Чехов, далее, значительно углубил само представление о конфликте человека с окружающей его социальной средой.

Глеб Успенский в семидесятых годах вложил в уста героя рассказа «Неизлечимый» — пьянчуги дьякона — следующие замечательные слова: «И откуда бы этому всему взяться?.. А вот поди ж!.. Нет, уж это, надо думать, время такое настало, что совесть начала просыпаться даже и совсем в непоказанных местах...

Такое время... судебное...»3

Историческое значение творчества Чехова определяется прежде всего тем, что писателю удалось раскрыть этот процесс с невиданной до того глубиной, показать с такой неотразимой убедительностью, которая не была еще доступна его предшественникам.

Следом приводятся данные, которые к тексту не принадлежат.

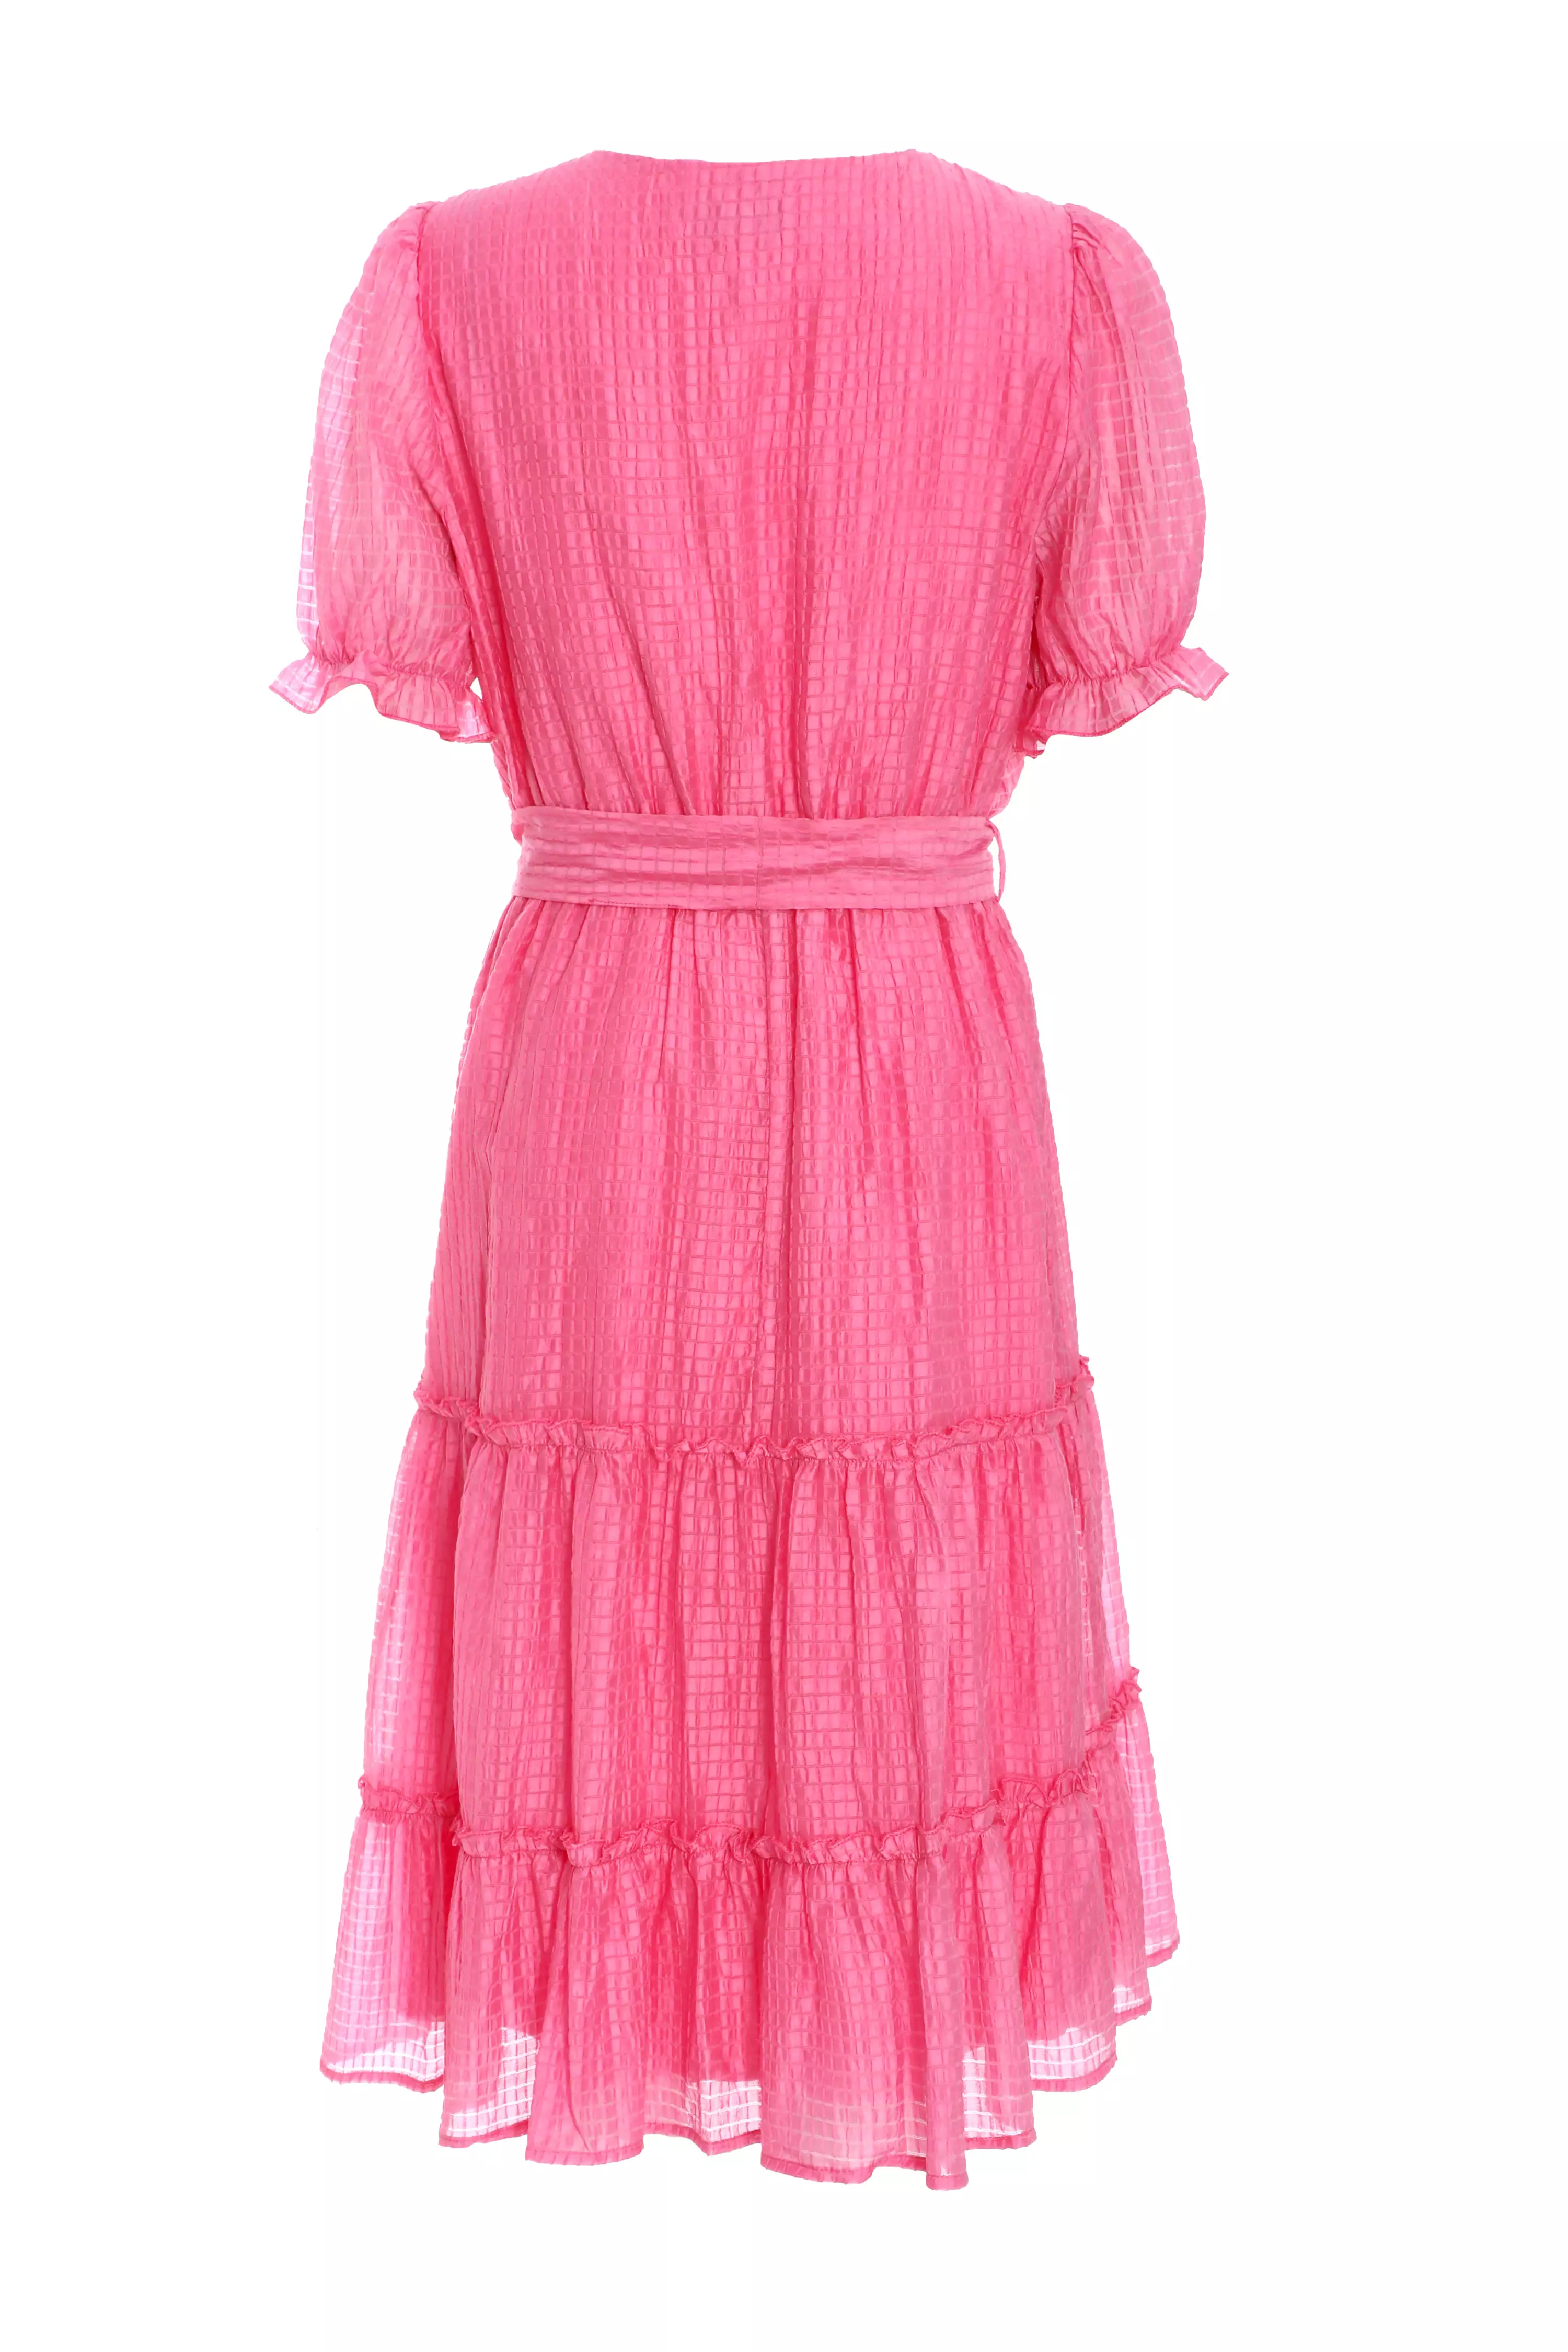 Pink Textured Frill Skater Mini Dress

Процитированные строки Глеба Успенского служат, кстати сказать, лучшим доказательством того, что Чехов являлся прямым продолжателем своего старшего современника. В конце рассказа «Неизлечимый» Успенский писал о новой болезни, подмеченной им в среде русского народа. «Эта болезнь — мысль, — заявлял писатель. — Тихими-тихими шагами, незаметными, почти непостижимыми путями пробирается она в самые мертвые углы русской земли, залегает в самые не приготовленные к ней души. Среди, по-видимому, мертвой тишины, в этом кажущемся безмолвии и сне, по песчинке, по кровинке, медленно, неслышно перестраивается на новый лад запуганная и забывшая себя русская душа, — а главное — перестраивается во имя самой строгой правды»4. Нетрудно видеть, что эта мысль Глеба Успенского прямо ведет к творчеству Чехова.

Было бы, однако, ошибкой не видеть за этим сходством существенного различия. Нельзя забывать, что удивительная прозорливость Успенского была серьезно ограничена его народническими иллюзиями. В значительной мере они и определяли его представление о «строгой правде», что и сказалось в важнейших произведениях Успенского восьмидесятых годов. Понятие о «правде» в таких циклах, как «Власть земли», было теснейшим образом связано с народнической идеализацией патриархальных начал («устоев») русской деревенской жизни.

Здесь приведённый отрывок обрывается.